Even with a technically working product, given all that feedback I was hesitant to release it. I let it cower in obscurity for a while, then started working on a new version with some new ideas.

Paradigm and platform shift

Something important happened while I was letting dksfight snooze: I learned about the wonders of NodeJS, and made something with it. Something silly, to be sure, but it opened the door to try out other uses. I'd heard about NodeJS being used as a web server, so I thought, "why not try it out as a web server for dksfight?"

So I deployed it on my web hosting and got to work.

Wait, that's not at all what happened. There's no way I'm installing it on my web hosting--far too janky and they wouldn't let me open my own port for a permanently-running process. No way.

Instead, I looked into Microsoft Azure. As a Microsoft employee, one benefit I get is $150 of Azure credit per month. I figured I might as well put that to use. Also, Azure fulfills my requirement of taking care of maintenance of the environment--I just declare what NPM packages I want, and Azure handles keeping it up to date with security patches and so on. It's isolated, so if I get hacked, I shouldn't lose any other assets.
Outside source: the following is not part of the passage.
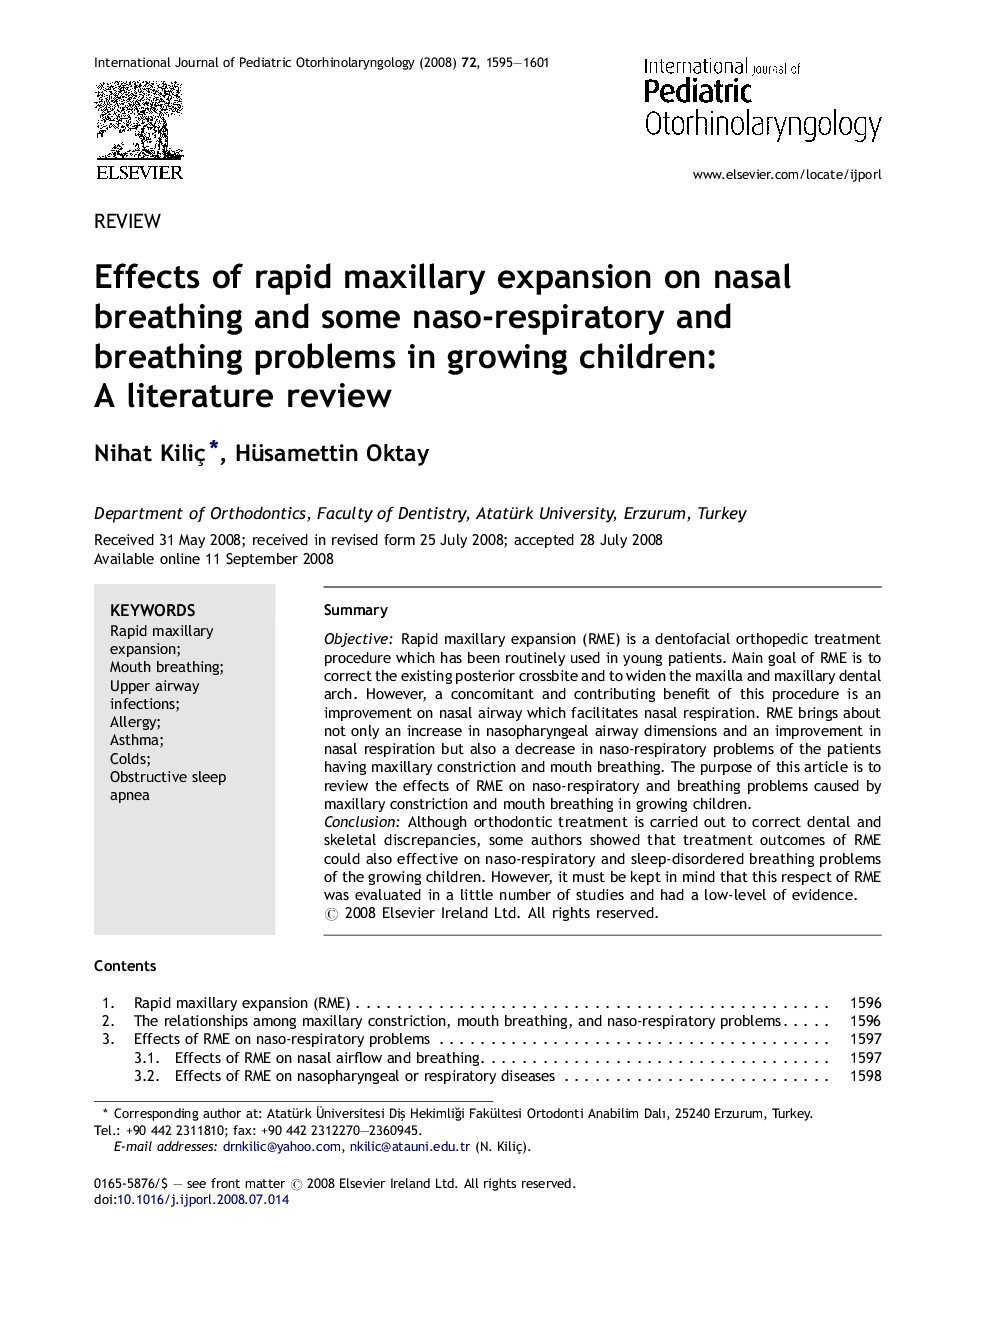 Effects of rapid maxillary expansion on nasal breathing and some naso-respiratory and breathing problems in growing children: A literature review

If I get DOS'd or get too heavy load, I won't get charged; it'll just run out my allowance and shut down my site. This is all ideal for my usage.

I started researching Azure's capabilities with NodeJS. It turns out it's pretty much a first class citizen there, which is awesome. Clearly, Microsoft is trying to make it seamless and easy for developers to take technologies they already know and integrate them with Azure. I don't know how this compares with Amazon Web Services, but it worked pretty well.

For the benefit of people who haven't used Azure before, I'll run through some of the stuff I had to do and stuff I learned along the way.

The center of your web site is a Web App. I think it's basically some IIS rules on some virtual machine in a datacenter somewhere. IIS gets configured to forward requests to a NodeJS instance that it spins up automatically. The PORT environment variable tells your NodeJS process which port to listen on. You declare your NPM package dependencies in your package.json file. To deploy to Azure you set up a remote Git branch. When you push to the branch, it runs deployment scripts automatically to install the NPM dependencies. It's surprisingly simple.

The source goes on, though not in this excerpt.